La titular de Educación ha insistido en que uno de los rasgos más relevantes de este bachillerato es que fomenta una mentalidad internacional, crítica y comprometida con la justicia social y el respeto intercultural. La idea es que, más allá de las calificaciones, el alumnado salga preparado para participar activamente en sociedades diversas y complejas.
Al mismo tiempo, el IB encaja con la apuesta por el multilingüismo y la convivencia de lenguas que caracteriza al sistema educativo vasco. El uso intensivo del inglés se suma al euskera y al castellano, reforzando una formación trilingüe que facilita la movilidad y la comunicación en entornos académicos internacionales.
Un paso más en la oferta educativa de Euskadi
La implantación del Bachillerato Internacional en Botikazar, Urritxe y Unamuno se interpreta desde las instituciones como un paso relevante en la modernización de la red pública. No se trata de una sustitución del Bachillerato actual, sino de una vía adicional para quienes buscan un itinerario más exigente y orientado al exterior.
En municipios como Amorebieta-Etxano, la llegada del IB a Urritxe BHI se considera una mejora sustancial de la oferta local, que permitirá a jóvenes de la comarca optar a una formación de alto nivel sin necesidad de desplazarse a otros territorios o recurrir a centros privados. La propia alcaldía ha remarcado el valor de ofrecer a la juventud herramientas para moverse con soltura en un entorno global.
Para dar a conocer el programa, algunos centros han organizado jornadas de puertas abiertas, como la prevista en Urritxe BHI, donde las familias pueden informarse sobre la estructura del IB, el proceso de admisión y las implicaciones académicas y personales de cursar este itinerario.

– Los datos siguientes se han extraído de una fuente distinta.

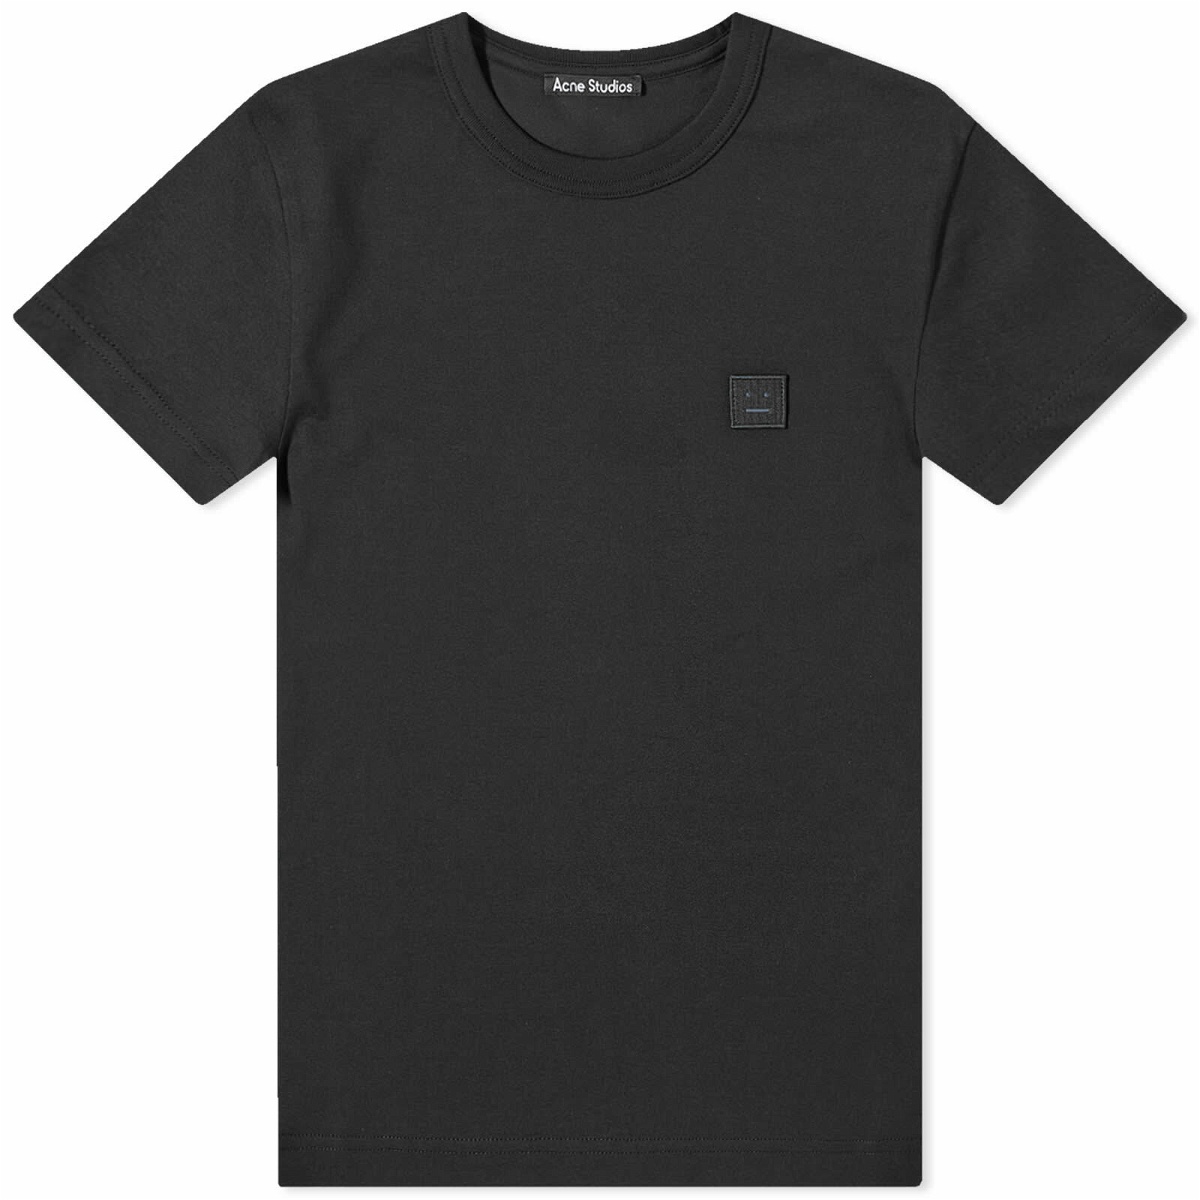 Acne Studios Exford Face T-Shirt in Black Acne Studios

Este tipo de encuentros busca aclarar dudas y evitar que la exigencia del programa se perciba como una barrera insalvable.
El despliegue del Bachillerato Internacional en estos tres institutos supone, en definitiva, que la red pública vasca se alinee con tendencias educativas presentes en otros sistemas europeos, donde este tipo de programas internacionales convive con los currículos nacionales. Si la experiencia es positiva, no se descarta que en el futuro puedan adherirse más centros, siempre que cumplan los requisitos de personal, idioma y proyecto pedagógico.
Con esta decisión, el Gobierno Vasco sitúa a la escuela pública en una posición más competitiva ante la oferta privada y acerca a su alumnado una formación reconocida internacionalmente, basada en el pensamiento crítico, el dominio de idiomas y la apertura al mundo, al tiempo que mantiene el vínculo con el currículo propio y las lenguas oficiales de Euskadi.